**What is required**
Copy word for word the line containing "A moment of" together with all lines following it to the end of the listing below, without the pictures.
====== The data
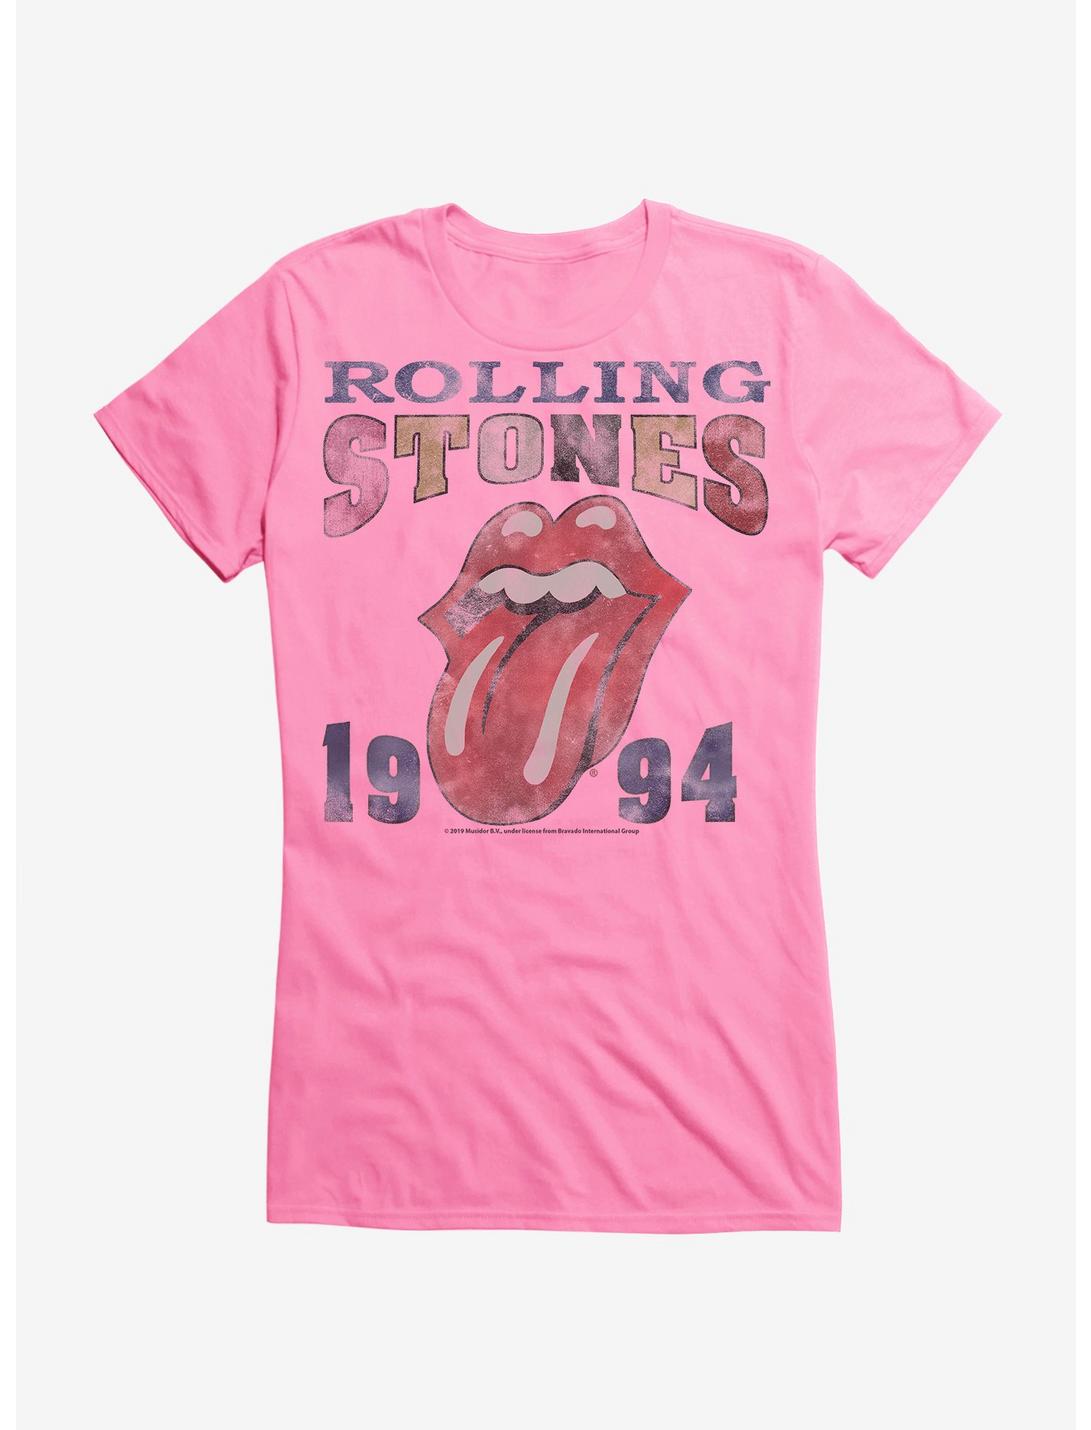 The Rolling Stones 1994 Girls T-Shirt, , hi-res
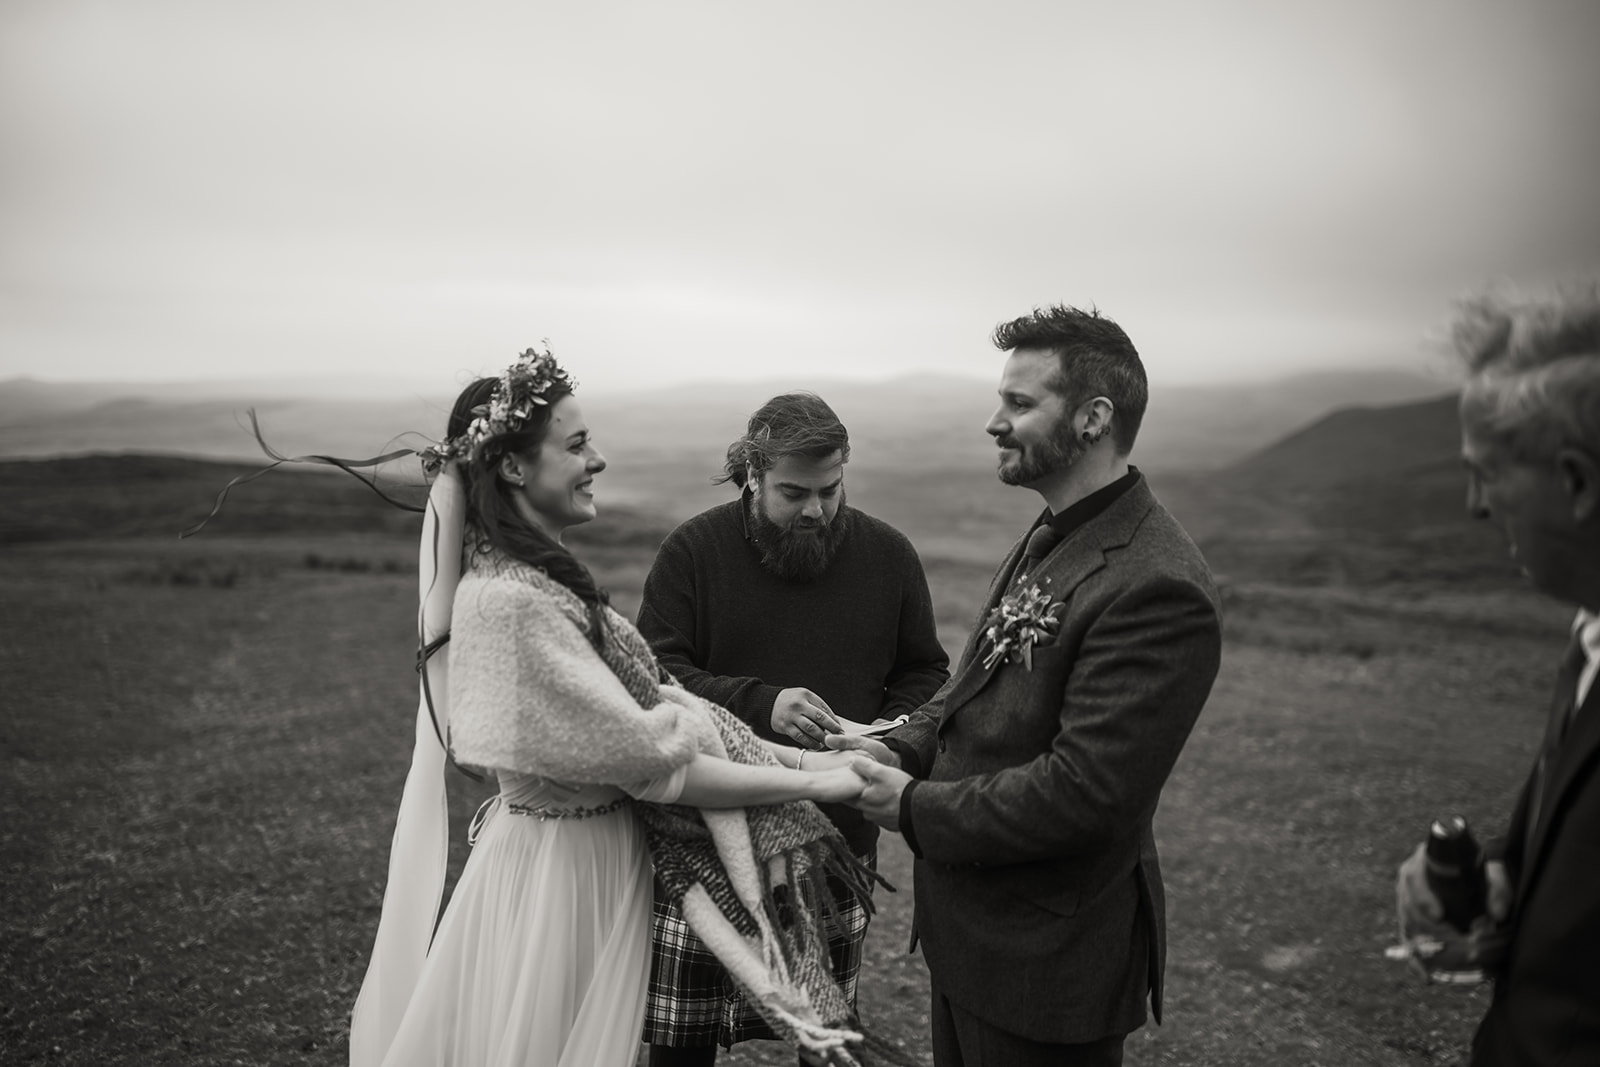 A moment of pure connection: Becca and Nick exchange vows amidst the stunning natural beauty of the Isle of Skye.
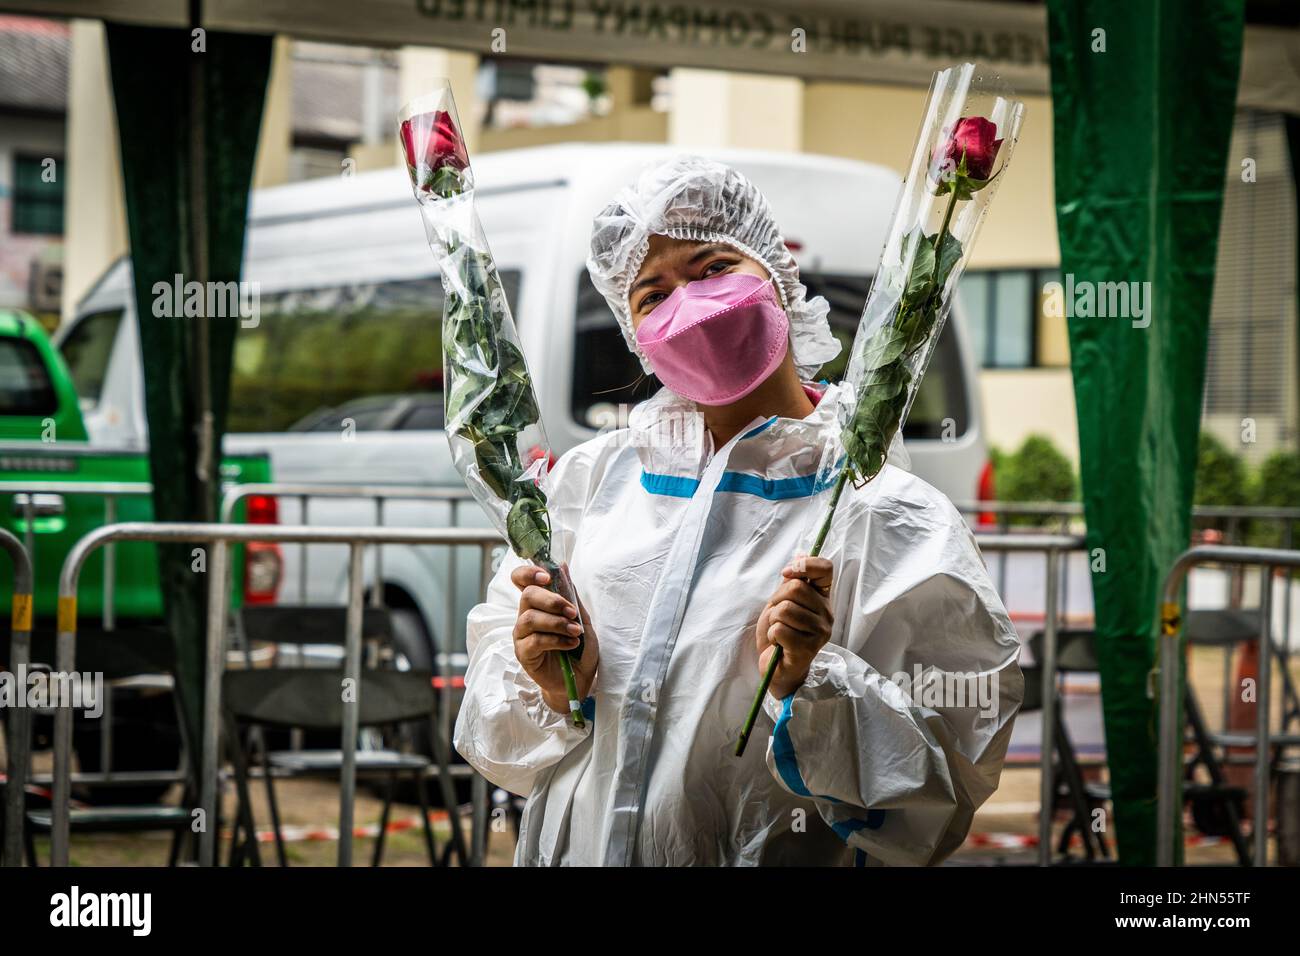 Bangkok, Thailand. 14th Feb, 2022. A medical worker dressed in full PPE poses with roses in front of a mass marriage event on Valentine's Day in Bangkok.Couples gather to legally register their marriage during the 'Lover New Normal @ Bangrak' mass marriage event on Valentine's Day in Bangkok. Although it is common for people to legalize their marriage throughout the city's 50 district offices on this day every year, Bang Rak is amongst the most popular as its name resembles 'Place of Love' in the Thai Language. Credit: SOPA Images Limited/Alamy Live News Stock Photo
============
**Result for this exercise**
 A moment of pure connection: Becca and Nick exchange vows amidst the stunning natural beauty of the Isle of Skye.
 Bangkok, Thailand. 14th Feb, 2022. A medical worker dressed in full PPE poses with roses in front of a mass marriage event on Valentine's Day in Bangkok.Couples gather to legally register their marriage during the 'Lover New Normal @ Bangrak' mass marriage event on Valentine's Day in Bangkok. Although it is common for people to legalize their marriage throughout the city's 50 district offices on this day every year, Bang Rak is amongst the most popular as its name resembles 'Place of Love' in the Thai Language. Credit: SOPA Images Limited/Alamy Live News Stock Photo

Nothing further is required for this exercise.